От Волги до Веймара - Штейдле Луитпольд. Страница 58
Мы – Вебер, Кур, Вернебург и все оставшиеся в живых офицеры моего полка – договорились встречаться у ограждавшей лагерь стены, там, где солнечные лучи грели дольше всего. Каждый по-своему старался содействовать тому, чтобы часы, дни и ночи ожидания не были слишком тяжкими, чтобы каждый мог освободиться от того морального груза, который ему помогал нести товарищ.

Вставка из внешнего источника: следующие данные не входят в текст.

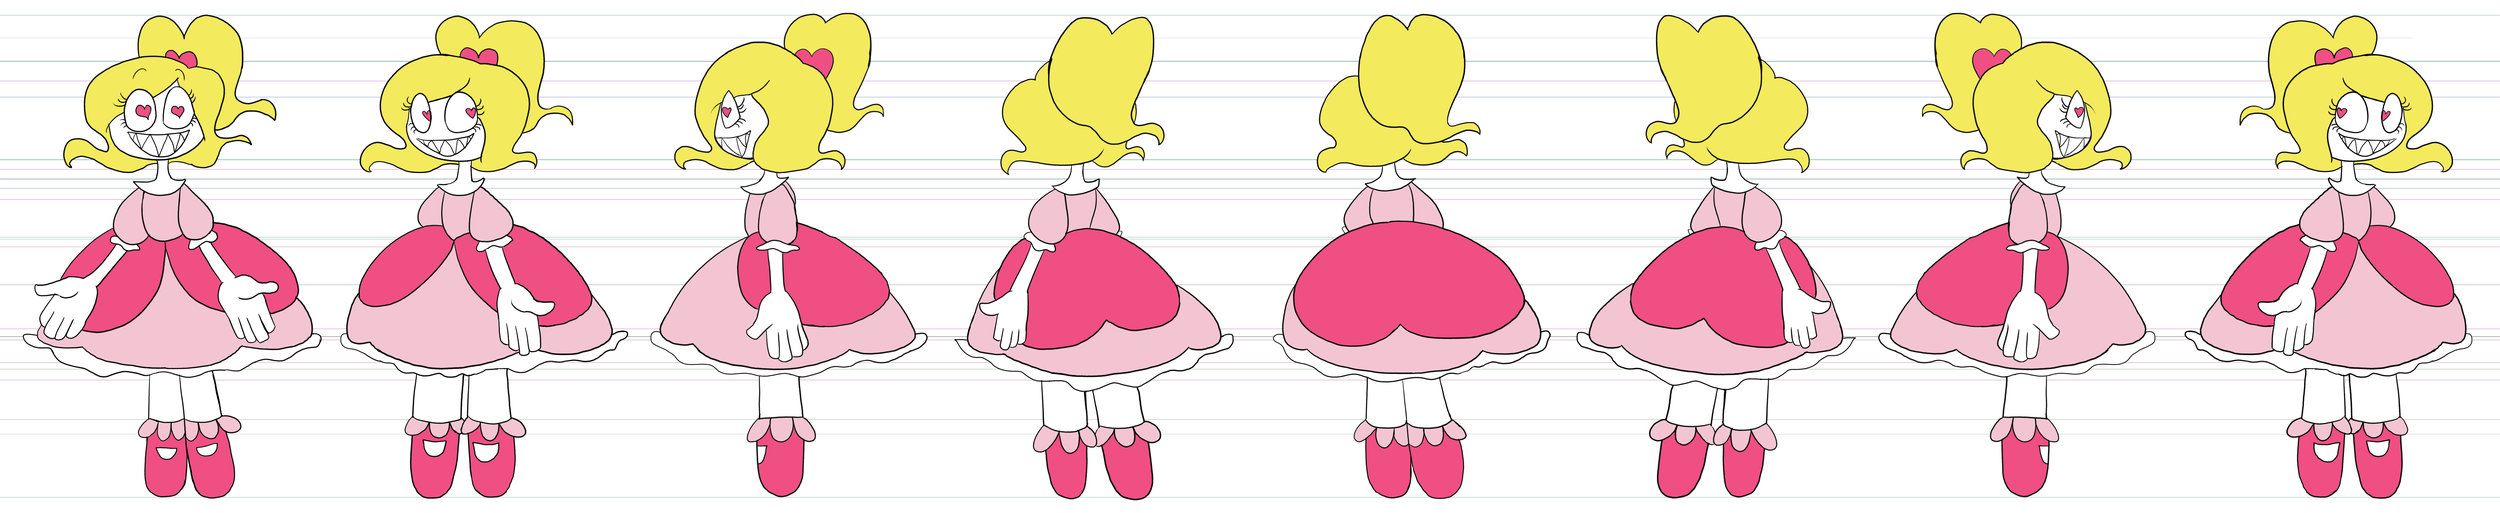 SGG Fangirl Character Sheet

Эпизоды из повседневной семейной жизни и работы, мелочи из жизни провинциального городка, сплетни, рассказы о приключениях с женщинами – все это отвлекало от грустных размышлений и помогало нам прочно держаться за жизнь. «Помните ли вы еще, когда…» Не перечислить разговоров, которые начинались такими именно словами. Кроме того, мы увлекались разбором по косточкам той или другой фазы боя критической ситуации, когда какое-то время никто не знает, чем кончится бой. Интересно, что именно при этом разгорались споры, напрягались нервы и рассудок совершенно забывал, что эта вечная, вошедшая в плоть и кровь смена отдачи приказов и повиновения вдруг потеряла для нас всякий смысл.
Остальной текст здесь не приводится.